Do the new NCCN “Evidence Blocks” help patients?
The National Comprehensive Cancer Network (NCCN) recently released a treatment rating system they call “Evidence Blocks” for myeloma treatment. These grids add categories and definitions to the usual lists of recommended therapies provided by NCCN. The categories are efficacy, safety, quality of evidence, consistency of evidence and expense.
Already you can see that there is a lot of complexity—something that would need to be interpreted by a treating physician to come up with a conclusion. But my immediate question is: Does it help the treating physician to provide the best care or better care for the patient? My answer is no, and let me explain why.
First, does this tool address the problem of costs? NO. Costs are too high. The “Evidence Blocks” just acknowledge that. Second, patients avoid recommended treatments because of co-pay or other costs. Do these “Evidence Blocks” help the patient navigate this problem? No. Sometimes patients do need to pay the costs directly. Other times, because of the coverage—health plan or treatment pathway or some other nuance—the costs are not a direct issue for the patient. But this is an individual thing. The MD has to navigate these issues with the patient and come up with what is, frequently, the best compromise: Skip that test. Do another one. Use this treatment, for now, try another when you “qualify.”
Bring all parties to the table
Doctors know about costs. Patients, for sure, know about costs. Lowering drug and other treatment costs, such as for diagnostics and supportive care elements—which are equally (if not more) important—is a separate problem. Bringing all parties to the table to reduce costs is drastically needed. This includes doctors and, importantly, patients, as well as insurers, health care administrators, health economists and the like, in addition to the pharmaceutical companies. It is not going to be easy, but somehow or another the insupportable costs have to come down.
But this is a separate issue from the day-to-day management. Assuming high costs persist, how do we help our patients? The “Lists, Categories & Definitions” provided by NCCN really do not help. By systematizing the cost and other types of evidence, they actually make it easier for health care providers to limit access (to the “cheapest” available) and facilitate the development of strict “treatment pathways,” which can severely limit choices and even harm patients.
A snapshot in time
My additional concern is that NCCN has presented a snapshot in time. How will the myeloma treatment landscape change after the 2015 Annual Meeting of the American Society of Hematology (ASH) in December, for example, when we will hear about frontline combinations with or without transplant and comparisons of two-drug combinations versus three-drug combinations? Will there be a rapidly issued update with changes in categories?
What about different opinions? The NCCN team includes many experts. But maybe some other experts have different opinions. Will those opinions be addressed? And if so, when and how?
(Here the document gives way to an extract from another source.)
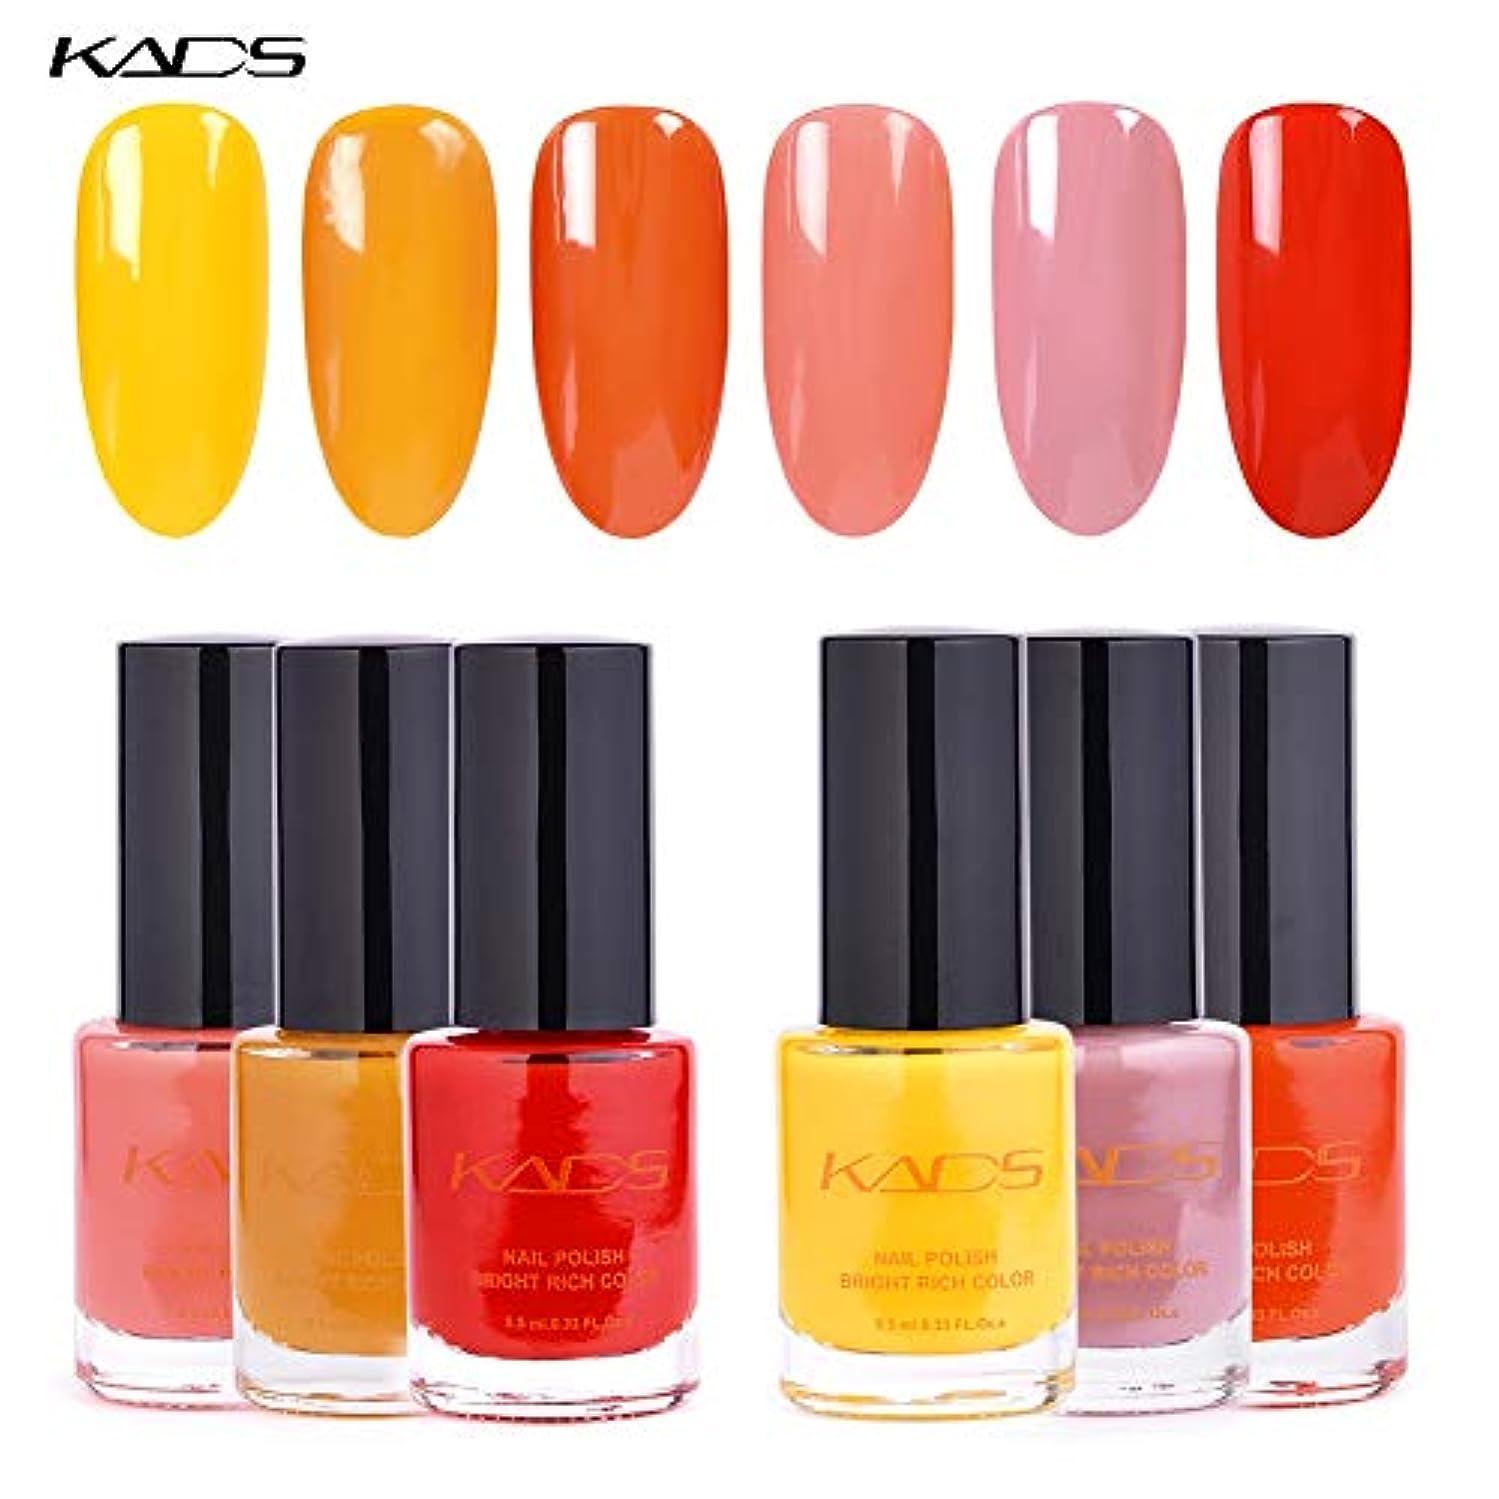 メニュー栄光血まみれのKADS ネイルポリッシュ ゼリーシリーズ ピンク/オレンジ/イエロー 6色入り 9.5ML 艶長持ち マニキュアセット

The problem with the NCCN lists is that they have many options but do not provide any focus on the concerns which doctors and patients deal with day-to-day in decision-making. For example, the NCCN lists include many options but do not fully distinguish among Category 1 options, which makes it difficult to know which to use. The Evidence Block-approach focuses on tangential issues, including cost, rather than on key patient concerns, such as age, family and work factors, risk (FISH test results ), co-morbidities (diabetes, clotting problems, heart disease, need for many other medications, etc.) and practical monthly costs faced by an individual patient. For some patients, if drug costs are covered, diagnostic testing, being able to work or not and supportive care issues may be much more influential in decision-making.
In other words, the financial feasibility of a specific course of treatment is an individual patient issue, which has to be discussed as part of the selection process—not as part of a preformed grid.
Don’t remove choices based on costs
This is where several current efforts to integrate costs into the treatment paradigm fail (including the “Value Framework” issued by the American Society of Clinical Oncology in June this year). Costs are a separate issue. Forcing sick patients to be advocates to receive needed treatment is not fair. Many will choose to become advocates, perhaps. But for now, most will manage the best they can. I believe we should not remove choices based on costs.
Coverage for agents with more limited efficacy is an important challenge which deserves separate discussions. But for treatments which produce excellent outcomes access should be available. I favor addressing cost issues in the appropriate meetings and settings as an urgent matter, but not in a complex fashion which can negatively impact patients.